AIF.RU: – Возможно, это жестоко прозвучит, но очень часто тяжелобольные дети не могут ходить и даже ползать, или вообще лишены понимания как такового, и это длится по 5–10 лет, а то и больше. Так зачем мучить родителей и прежде всего – самих детей? Не проще ли вернуться к природе, не делать им по 10 операций, а положиться на естественный ход событий? Сложно поверить в то, что ребёнок, к которому приделаны мешочки для сбора мочи и кала, впоследствии скажет спасибо родителям за такое существование.

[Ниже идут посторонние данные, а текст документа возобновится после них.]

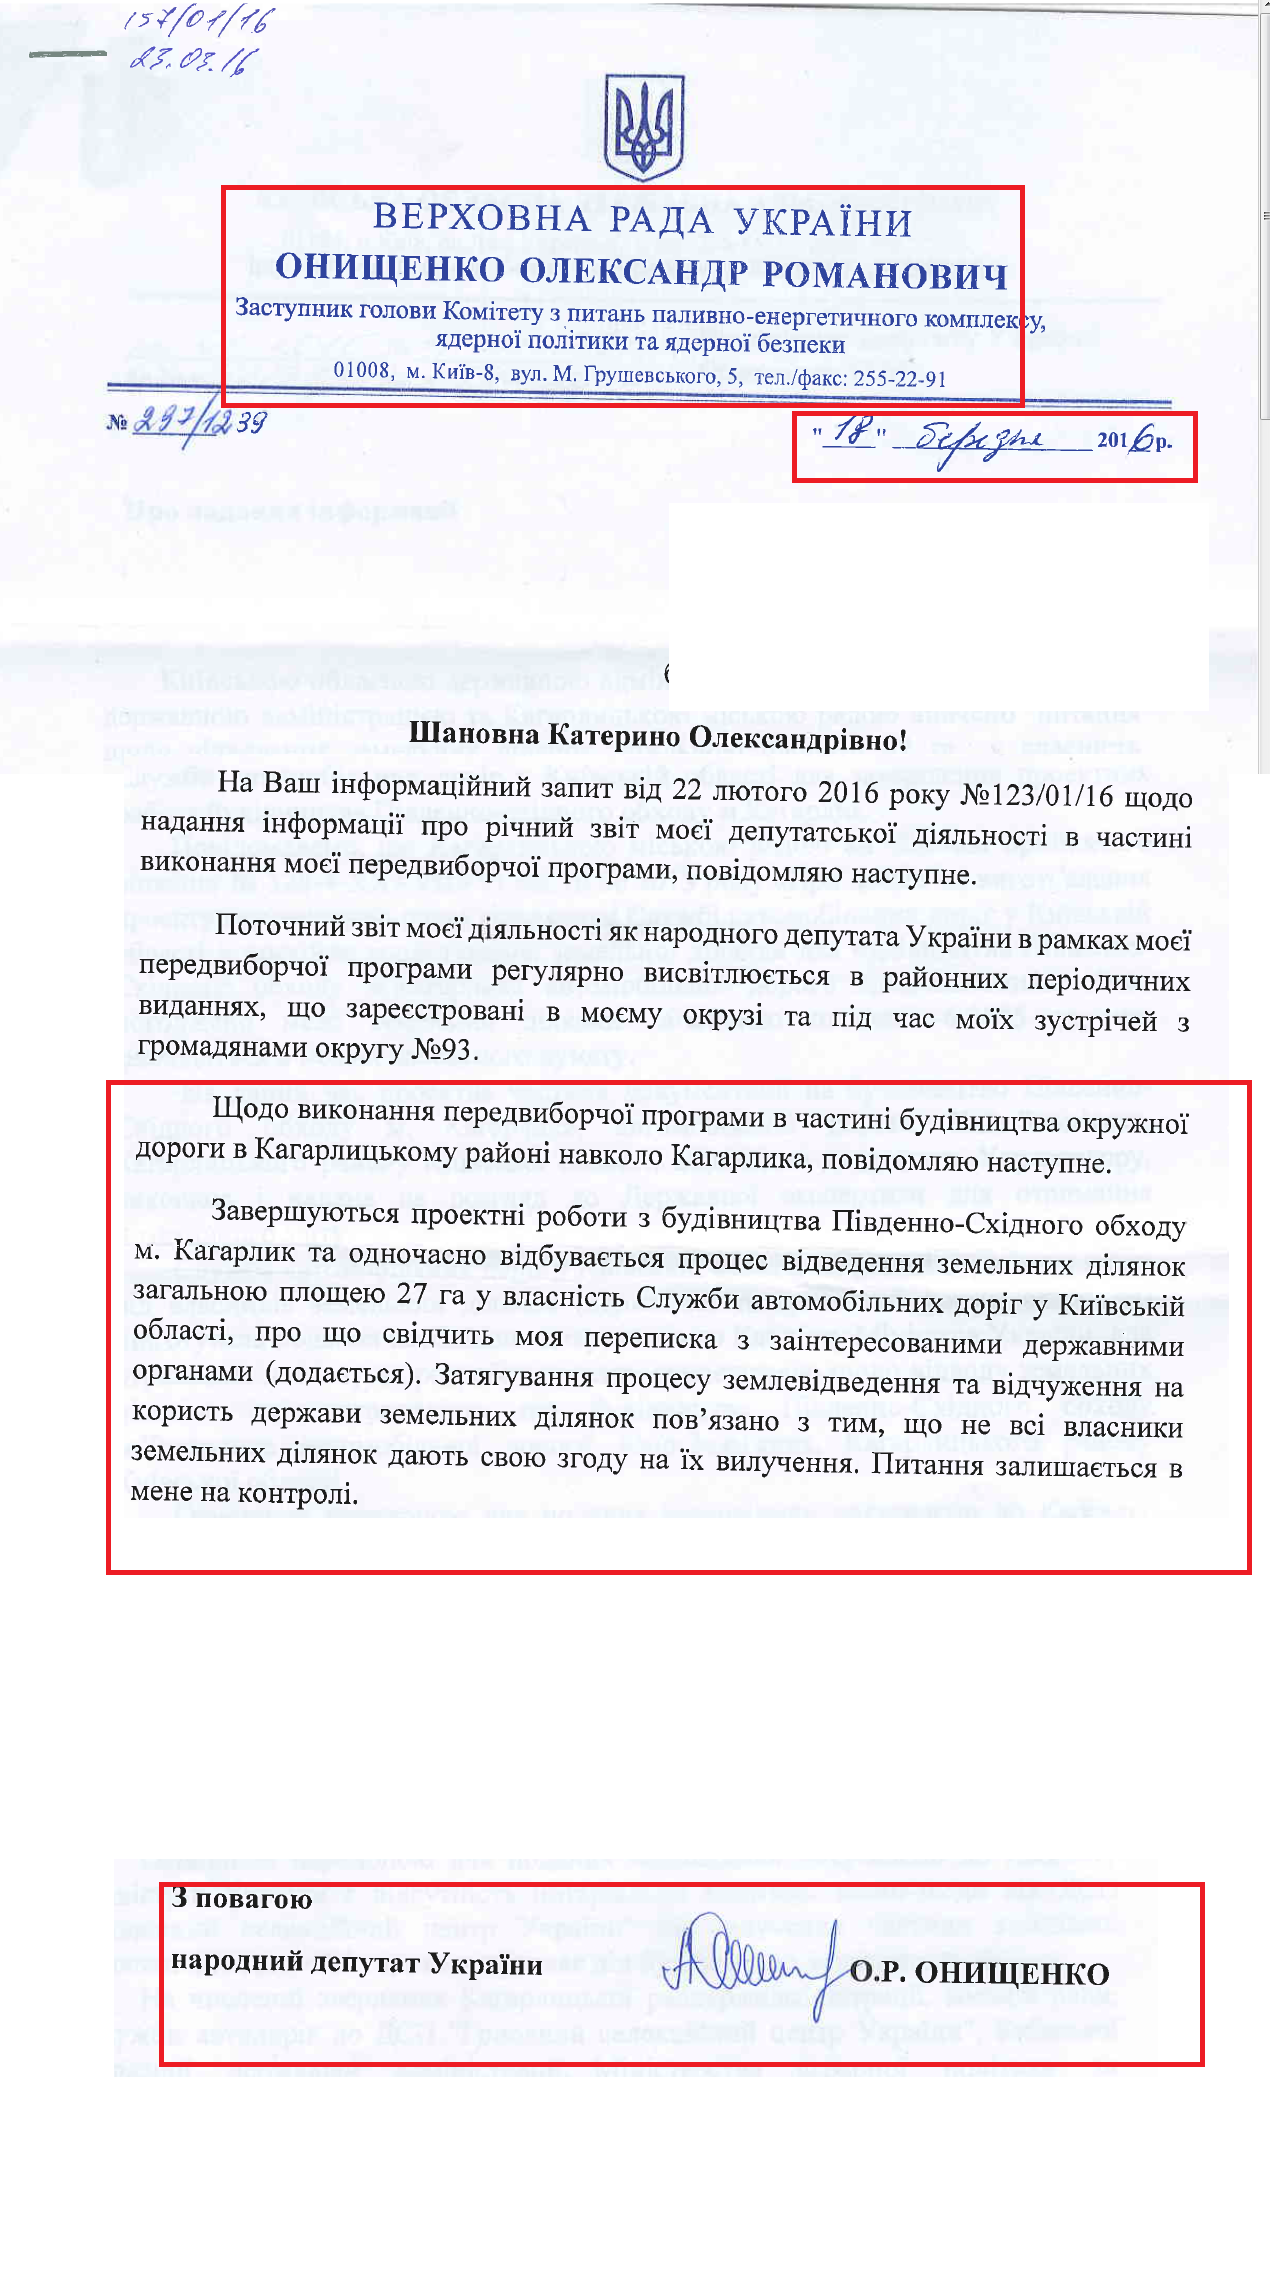 лист народного депутата Онищенко Олександра

Анна Сонькина: – Мы как общество должны признавать право родителей говорить: «Мой ребёнок живёт не так, как я хотел бы. Это качество жизни, с мешочками или когда ребёнок не может самостоятельно есть, не такое, как я желал бы себе или кому бы то ни было». Я думаю, что такие мысли есть у всех, но родители часто не позволяют себе так думать. Это интересный, сложный феномен. Если родитель так скажет про своего ребёнка, его не поймут, будет очень много осуждения. Это напрасно, потому что так можно сказать. Это не значит, что человек будет требовать активной эвтаназии, но он имеет право отказаться от героических попыток по спасению его жизни, если он этого не хочет, если качество его жизни не будет его устраивать. То же самое касается и детей. Здесь предстоит большая работа по перевоспитанию нашего общества вообще и медицины в частности. Человека, отказавшего в помощи, можно засудить, можно назвать это неоказанием помощи, а то и пассивной эвтаназией, то есть у нас законодательство не очень утверждает право пациентов и родителей пациентов принимать решение о собственном лечении. Здесь всё плавает.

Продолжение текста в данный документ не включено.